_Work instruction_
Would you return, word for word, the lines of the data below from the line with "Leather Travel Card" through the line with "Skater Knit Skirt", and no others?

_Information provided_

▬▬▬▬▬▬▬▬▬▬

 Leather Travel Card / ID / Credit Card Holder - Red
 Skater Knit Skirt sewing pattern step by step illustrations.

▬▬▬▬▬▬▬▬▬▬

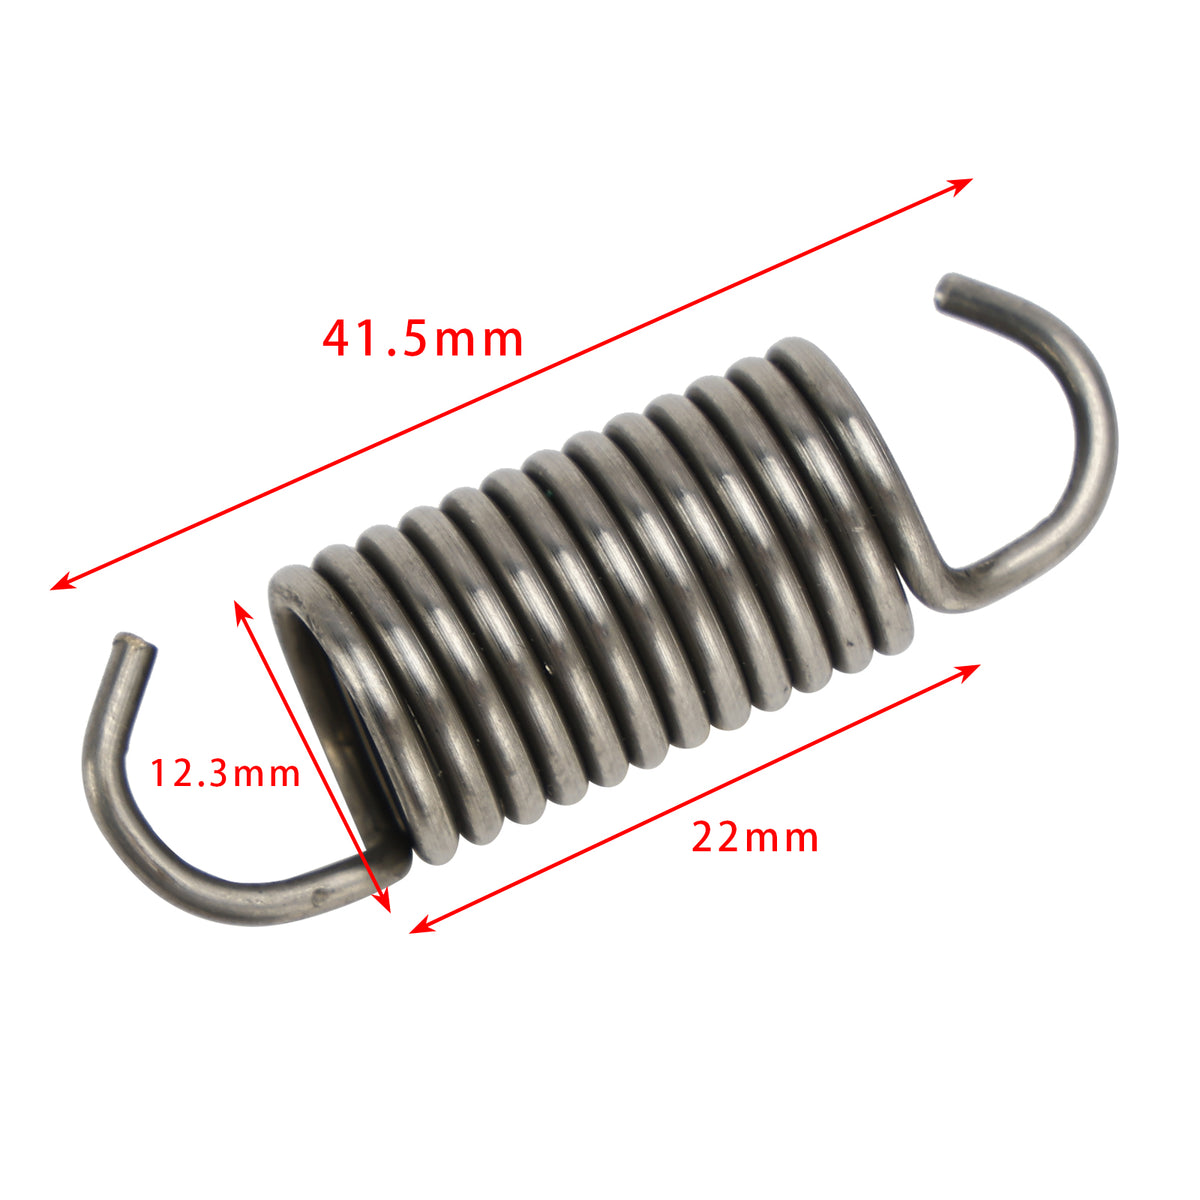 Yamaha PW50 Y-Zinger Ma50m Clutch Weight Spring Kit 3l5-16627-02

▬▬▬▬▬▬▬▬▬▬

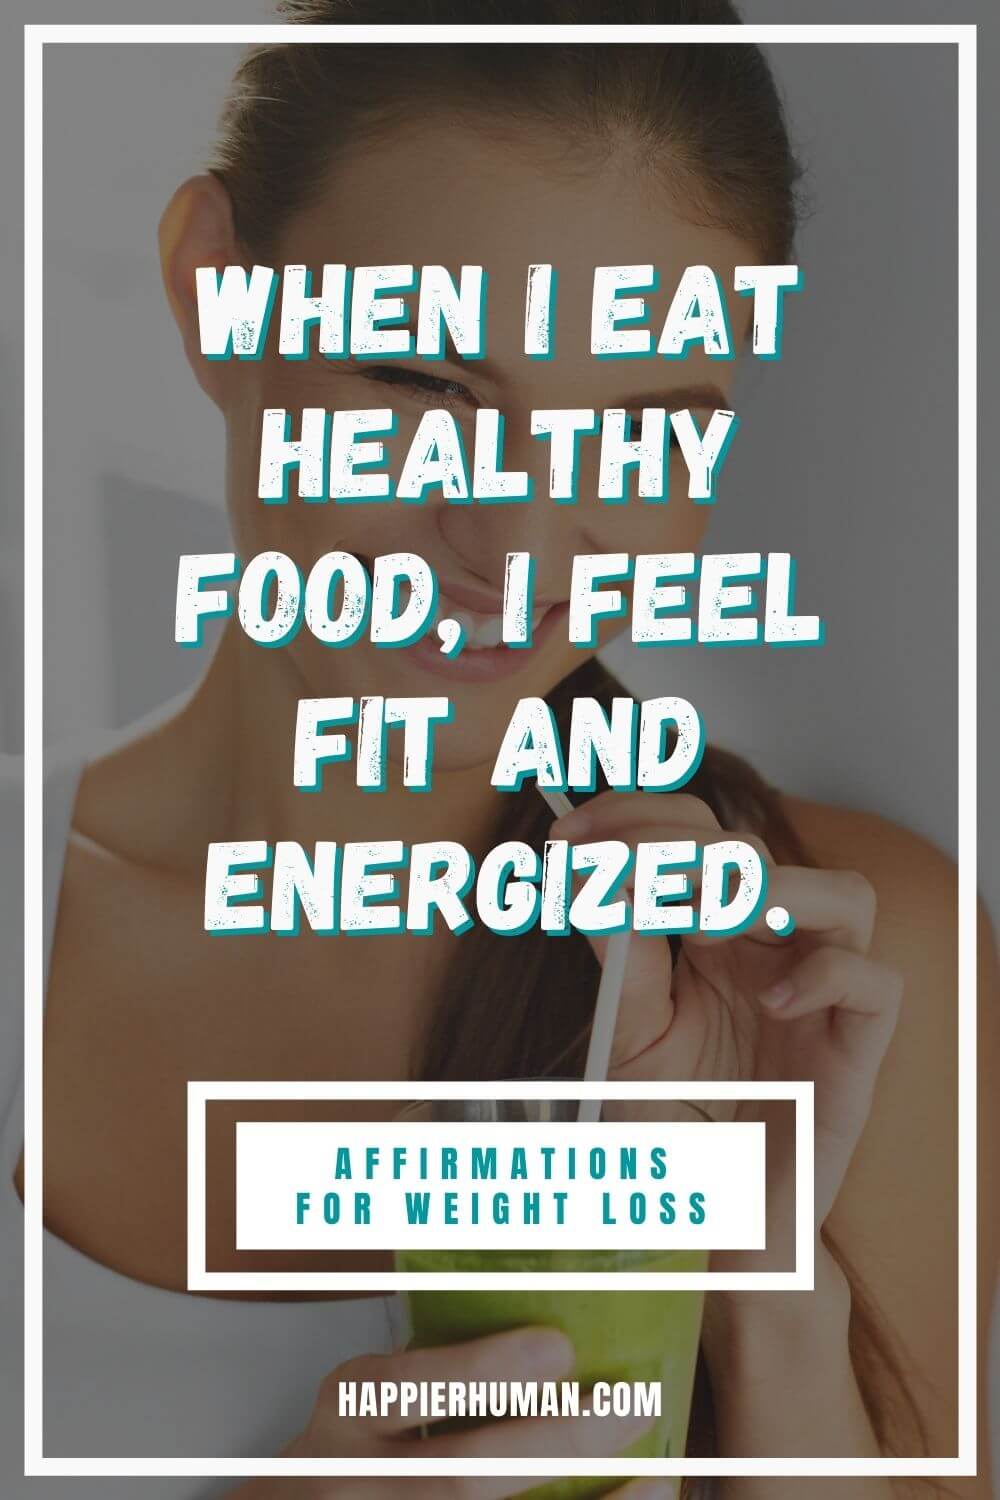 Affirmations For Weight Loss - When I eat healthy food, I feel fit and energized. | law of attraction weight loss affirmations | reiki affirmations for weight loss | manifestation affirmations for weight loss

▬▬▬▬▬▬▬▬▬▬

_Task response_
 Leather Travel Card / ID / Credit Card Holder - Red
 Skater Knit Skirt sewing pattern step by step illustrations.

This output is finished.